A version of this article appeared in the July–August 2012 issue of Harvard Business

Review.

In the early 2000s Aetna was struggling mightily on all fronts. While on the surface

revenues remained strong, its rapport with customers and physicians was rapidly

eroding, and its reputation was being bludgeoned by lawsuits and a national backlash

against health maintenance organizations and managed care (which Aetna had

championed). To boot, the company was losing roughly $1 million a day, thanks to

cumbersome processes and enormous overhead, as well as unwise acquisitions.

Many of the problems Aetna faced were attributed to its culture—especially its

reverence for the company’s 150-year history.
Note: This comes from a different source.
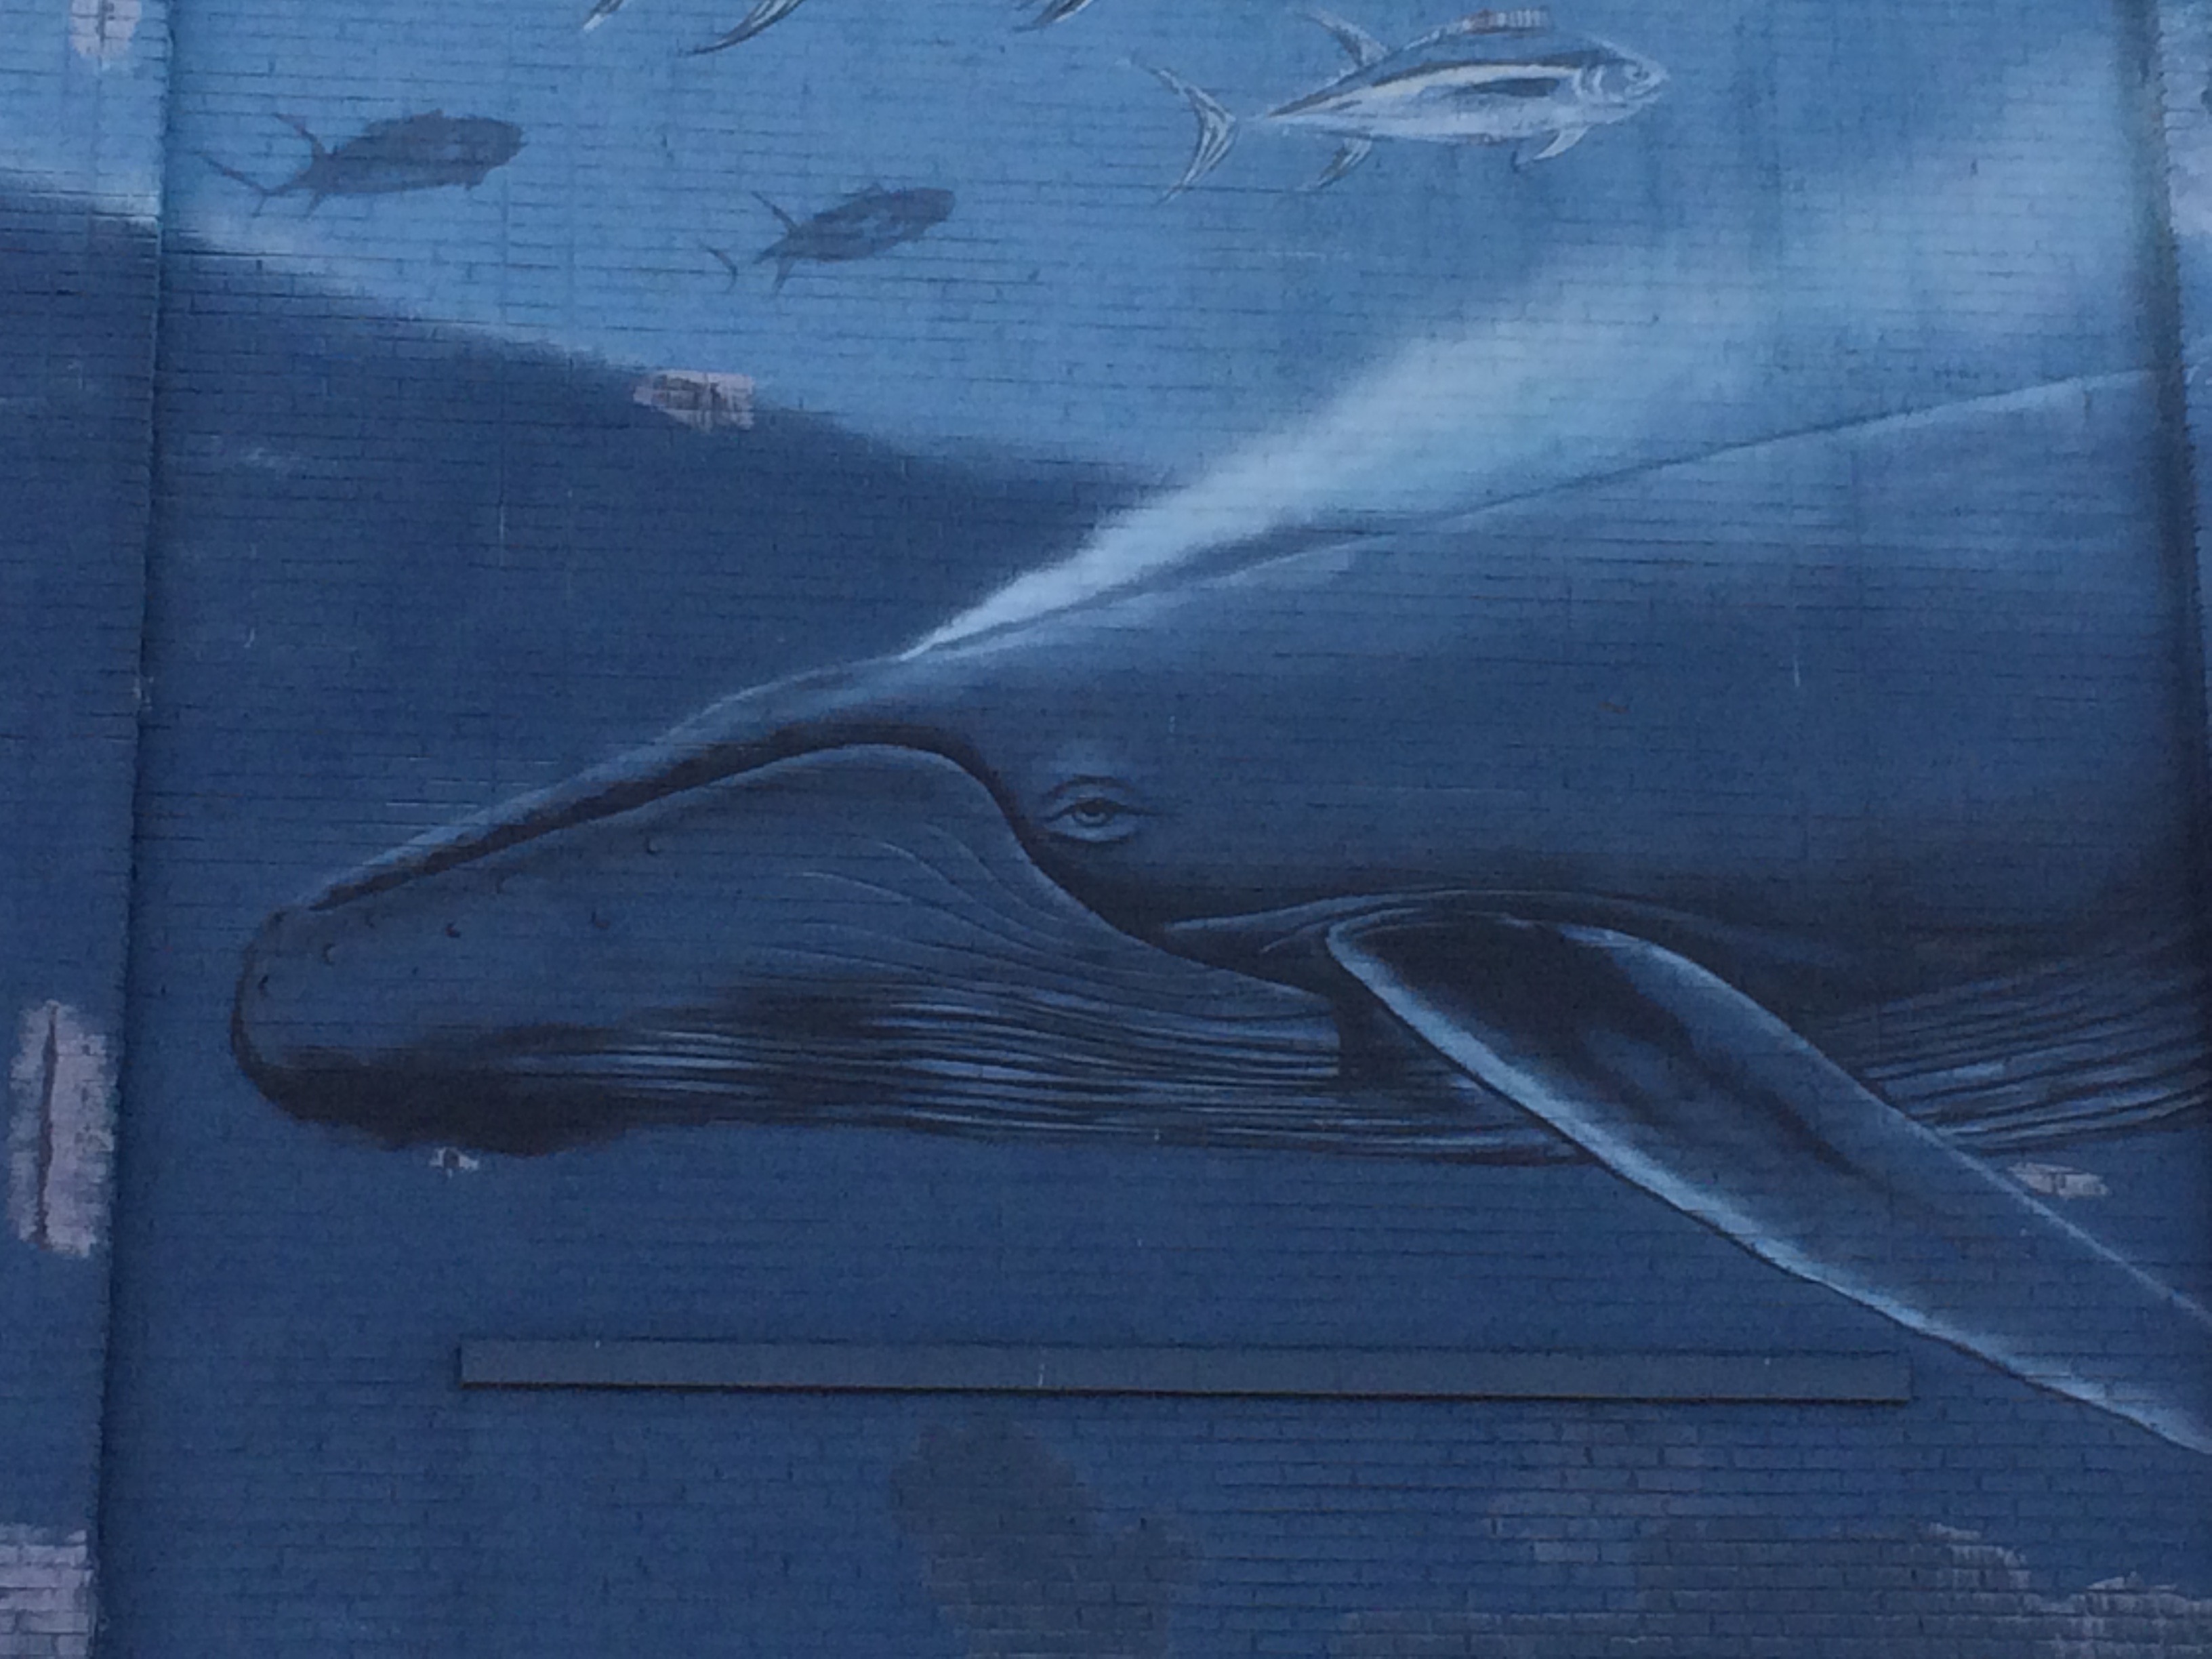 Whaling Wall #42 “East Coast Humpbacks”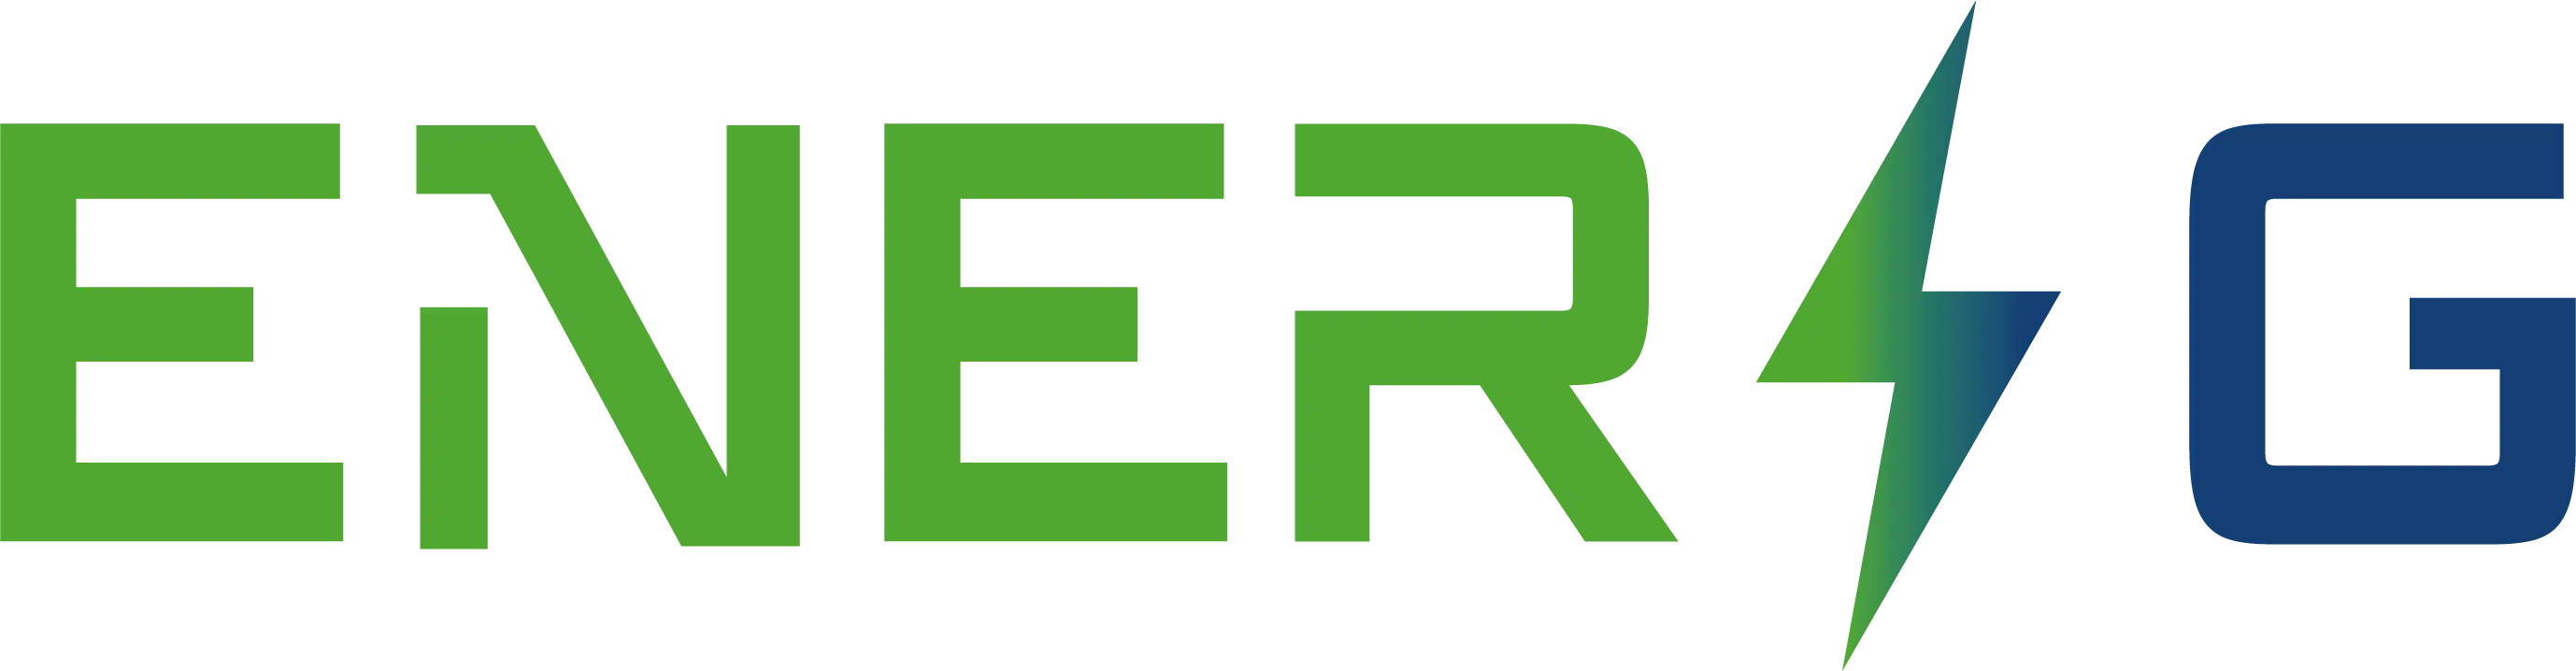 Energ logo

Once openly known among workers as

“Mother Aetna,” the culture encouraged employees to be steadfast to the point that

they’d become risk-averse, tolerant of mediocrity, and suspicious of outsiders. The

prevailing executive mind-set was “We take care of our people for life, as long as they

show up every day and don’t cause trouble.” Employees were naturally wary of any

potential threat to that bargain. When Aetna merged with U.S. Healthcare, a lower-cost

health care provider, in 1996, a major culture clash ensued. But instead of adapting to

U.S. Healthcare’s more-aggressive ways, the conservative Aetna culture only became

more intransigent. Aetna’s leaders could make little headway against it, and one CEO

was forced out after failing to change it.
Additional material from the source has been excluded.